Below are some methods of non-violent protest and persuasion
– Formal statements: Public speeches, Letters of opposition or support, Statements by organisations and institutions, Signed public statements, Statements of accusation and intent, Group or mass petitions.
– Communications with a wider public: Slogans, caricatures and symbols (written, painted, printed, repeated, mimed, gestured), Banners, posters, inscriptions, Leaflets, brochures and books, Newspapers and magazines, Records, radio and television, Messages written in the air or on the ground.
– Group representations: Delegations, Pressure groups etc.
– Symbolic public acts: Display of flags and symbolic colours, Wearing of symbols (pins, militant badges), Prayer and worship, Handing over of symbolic objects, Stripping of protest clothes, Destruction of own property (houses, documents, identity papers…), Symbolic lights (torches, lanterns, candles). Portrait exhibitions, protest painting, new symbolic signs and/or names in the streets, symbolic noises (“symbolic tunes” using whistles, bells, sirens, crockery…), symbolic re-appropriations (seizure of land or buildings), rude gestures.

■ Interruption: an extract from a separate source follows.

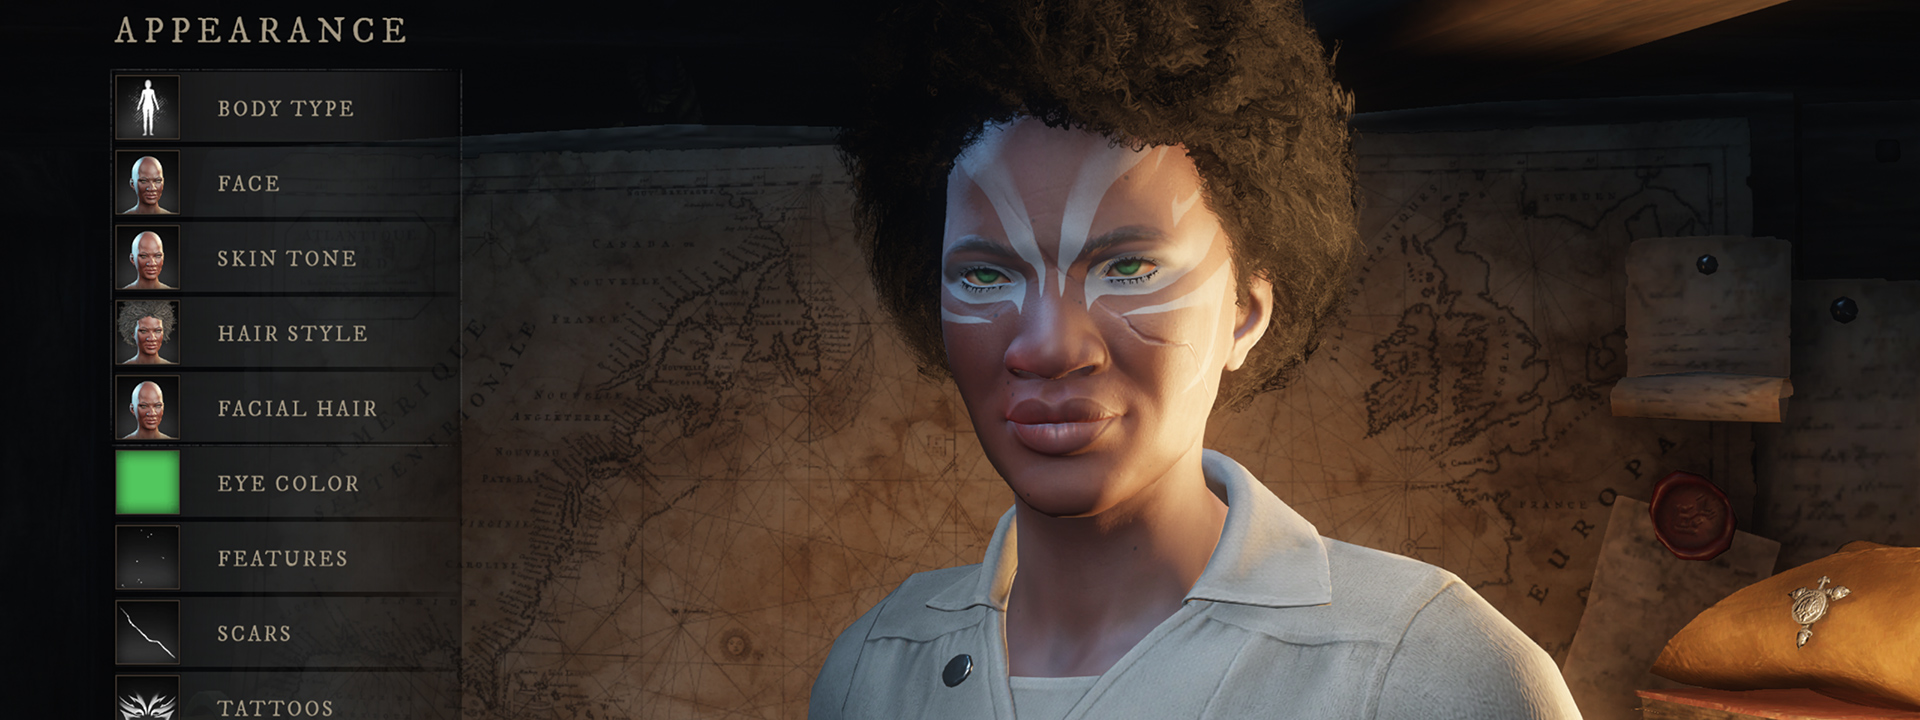 Una captura de pantalla de la interfaz de personalización de personajes en la que se ve a una persona de piel oscura con tatuajes de color celeste alrededor de sus ojos.

– Pressure on individuals: Pressuring officials (following them around, reminding them of something or remaining silent and respectful), Fraternising (subjecting people to intense direct influence to convince them that the regime they serve is unjust), Organising vigils.

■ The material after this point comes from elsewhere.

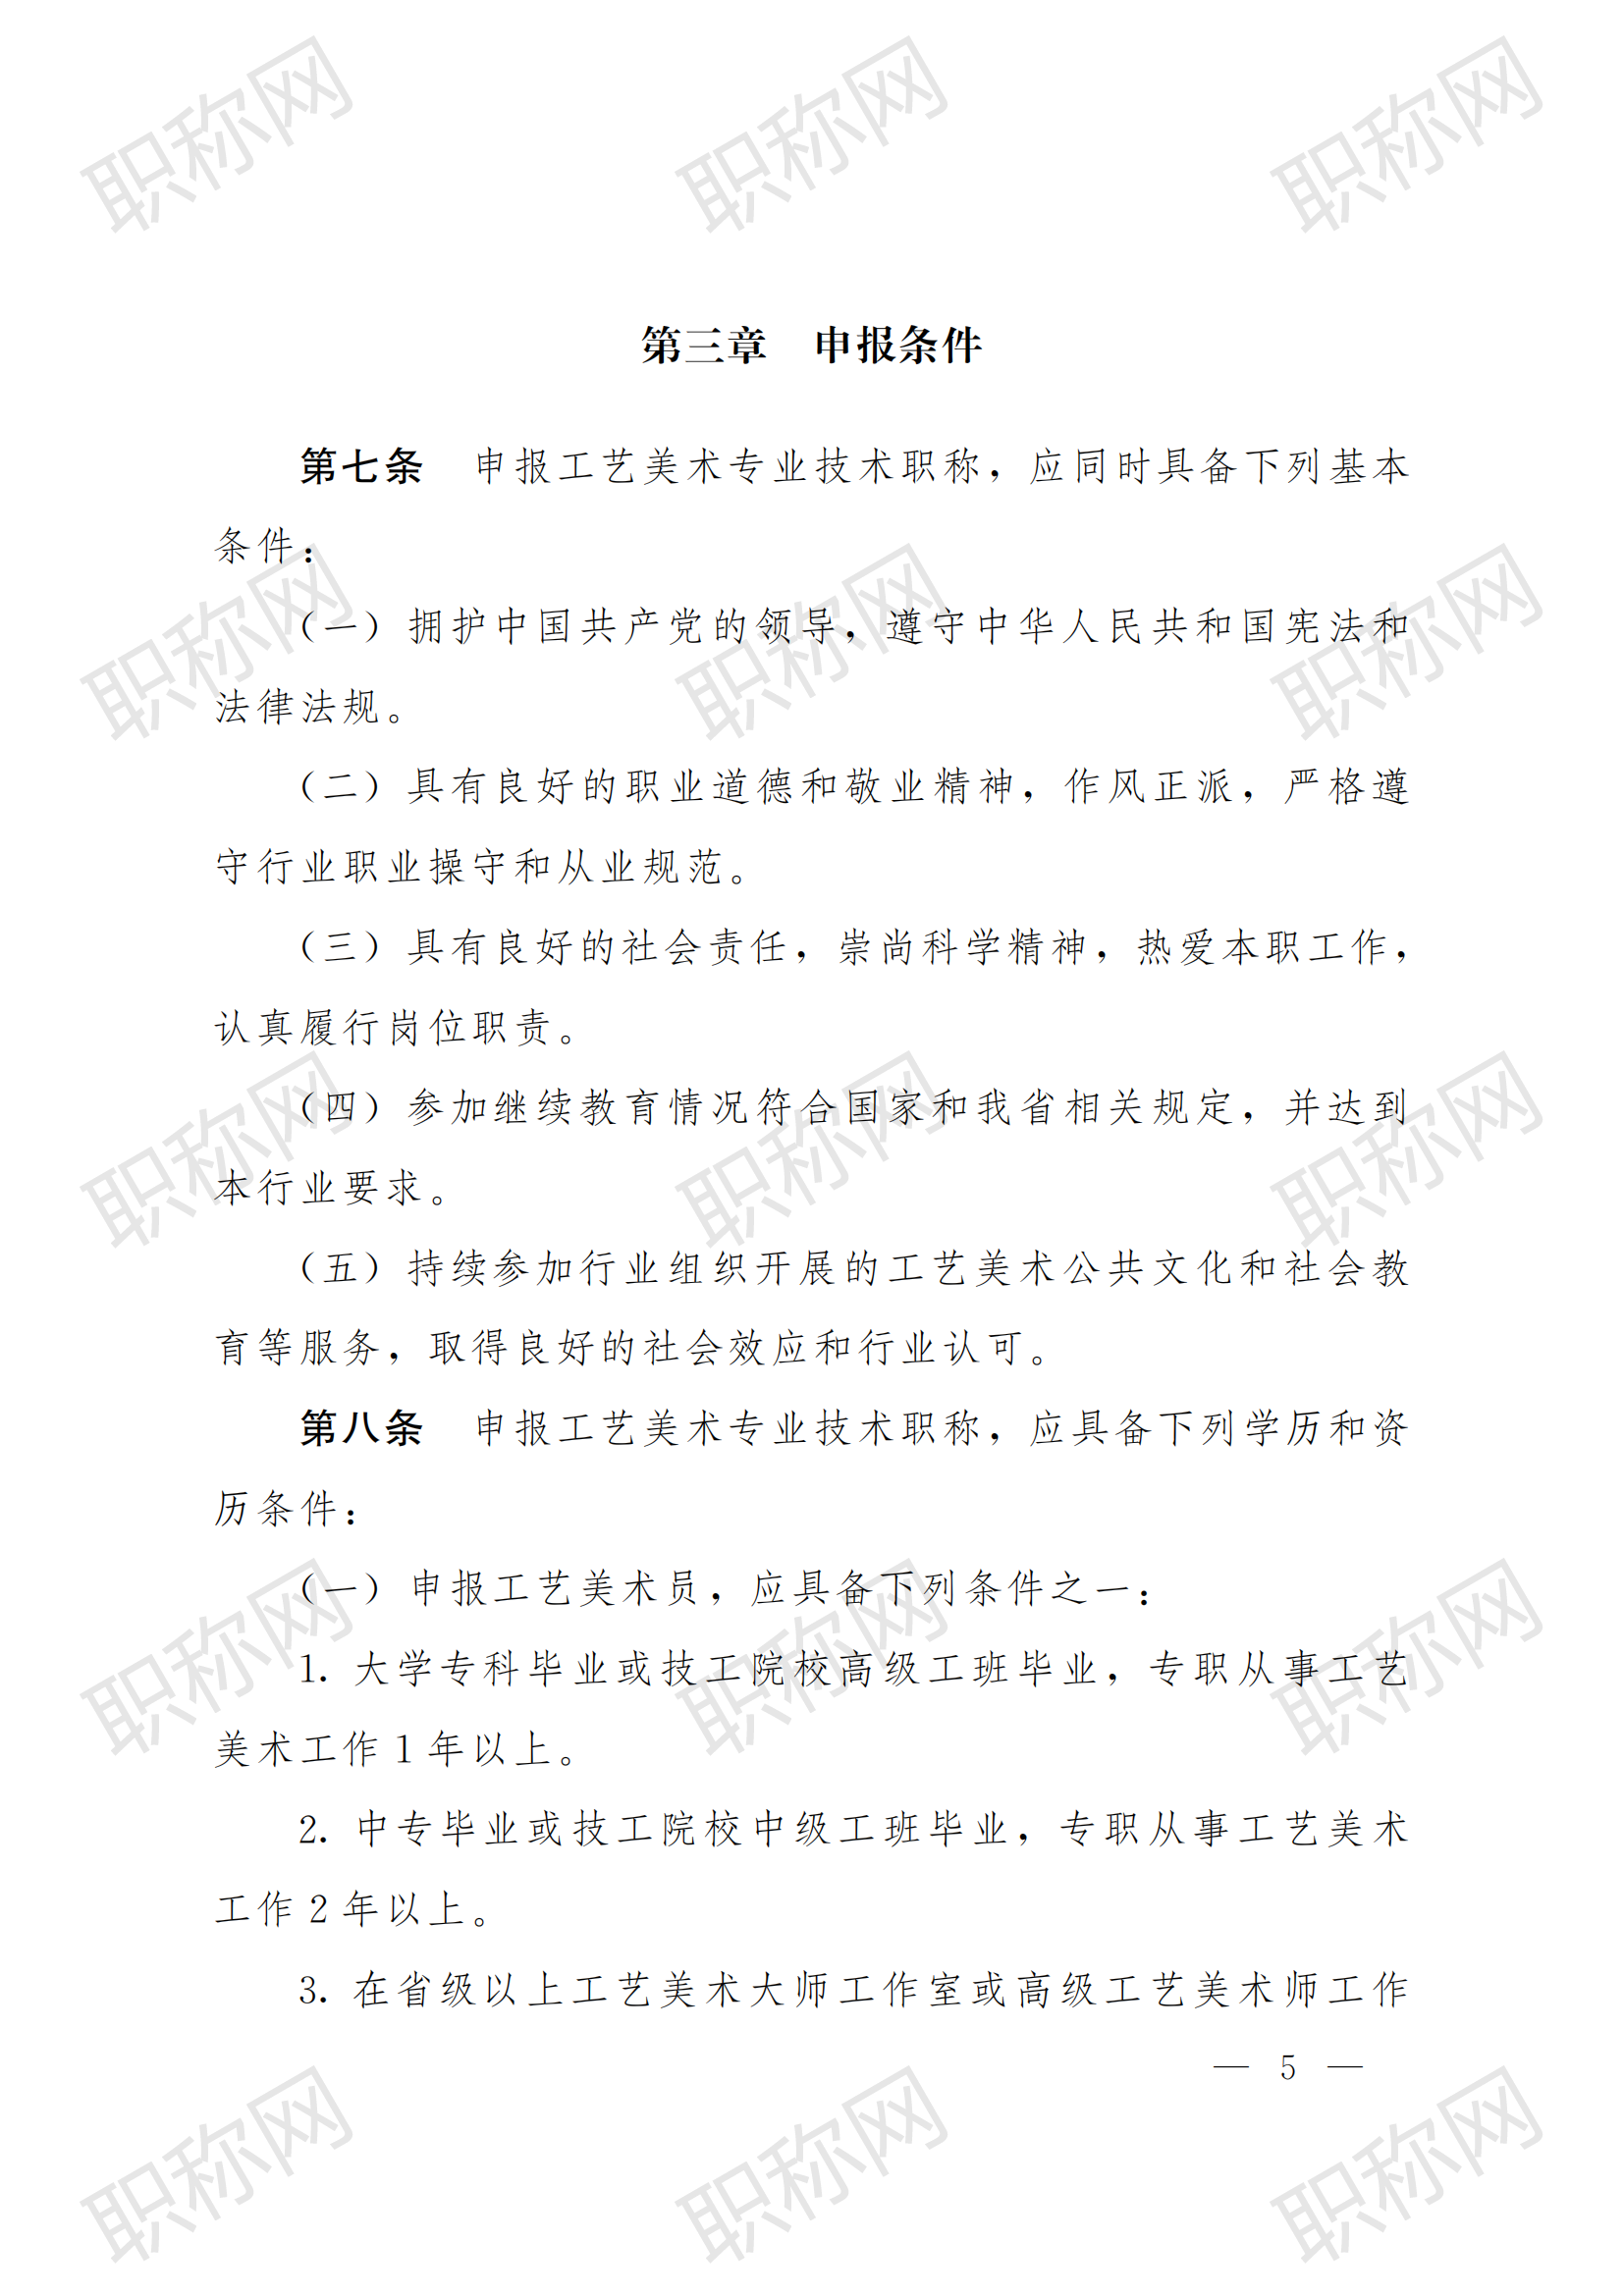 关于印发云南省工艺美术专业人员职称评价标准条件 (试行)  的通知_04.png

– Entertainment and music: Satirical skits and farces, Theatre performances and concerts, Singing.
– Processions: Parades, religious processions, pilgrimages, vehicle parades.

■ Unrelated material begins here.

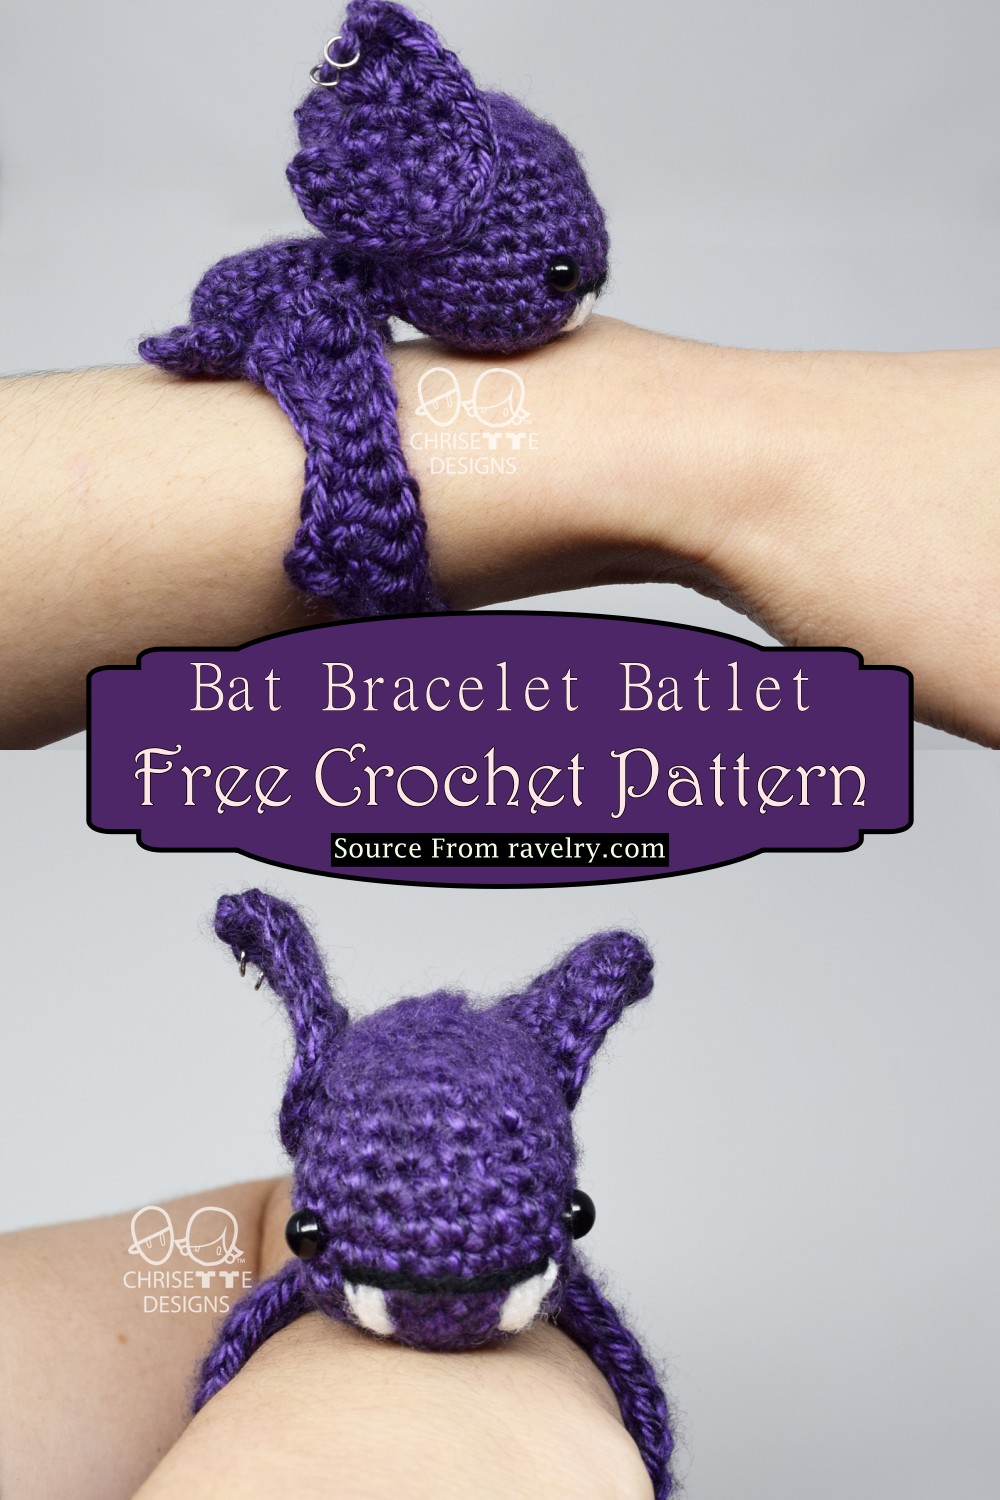 Bat Bracelet Batlet

– Tributes to the dead: Political mourning, mock funerals, protest funerals, tributes at burial sites.
– Public assemblies: Protest or support assemblies, Protest rallies, Public lectures with several specialist speakers.
– Withdrawals and renunciations: Abandonment of post, Silence, Refusal of reward, Turning your back.

All these symbolic actions are, as we have understood, part of the panoply of expression of public opinions, a panoply which, by dint of experience, is often used without violence and which is itself the object of struggles for its free expression. When these symbolic actions are used for the first time or defy specific or general official prohibitions (in the case of a state of emergency or a state of siege, for example), they have more impact than when they are in fact such commonplace expressions that they really need to be set to music in a solid information campaign to be effective.

A public demonstration organised in the street is precisely a collective expression by citizens who intend to exercise their right to speak. In concrete terms, this public expression can be expressed through leaflets, posters – “making the walls speak” – banners, placards and slogans. For the very effectiveness of the demonstration, it is essential that the word that accompanies it remains non-violent. The aim of a demonstration is to convince those who are not demonstrating of the rightness of both the denunciation and the demand it seeks to express. Public opinion is much more receptive to a demonstration that is expressed through non-violent speech rather than violent shouting. The language of revolt revels in insults and slurs against the adversary, but the shout is only an inarticulate and therefore incomprehensible word. It is a mistake to think that a word is stronger the more violent it is, one begins where the other ceases. A word that becomes violent begins to deny itself as a word. The striking force of a word comes from its accuracy, not from its violence. This is why one of the fundamental requirements of non-violence is the pacification of speech.
The powers that be that support injustice know very well that it is above all a question of making speech inaudible, and of focusing attention on violence. Violence is spectacular and it tends to make citizens spectators, to the detriment of their possibilities as actors.

From the writings of Jean-Marie MULLER, Lexique de la non-violence, ANV/IRNC, 2nd quarter 1988. Gene SHARP, The Nonviolent Struggle, Ecosociety, 2015.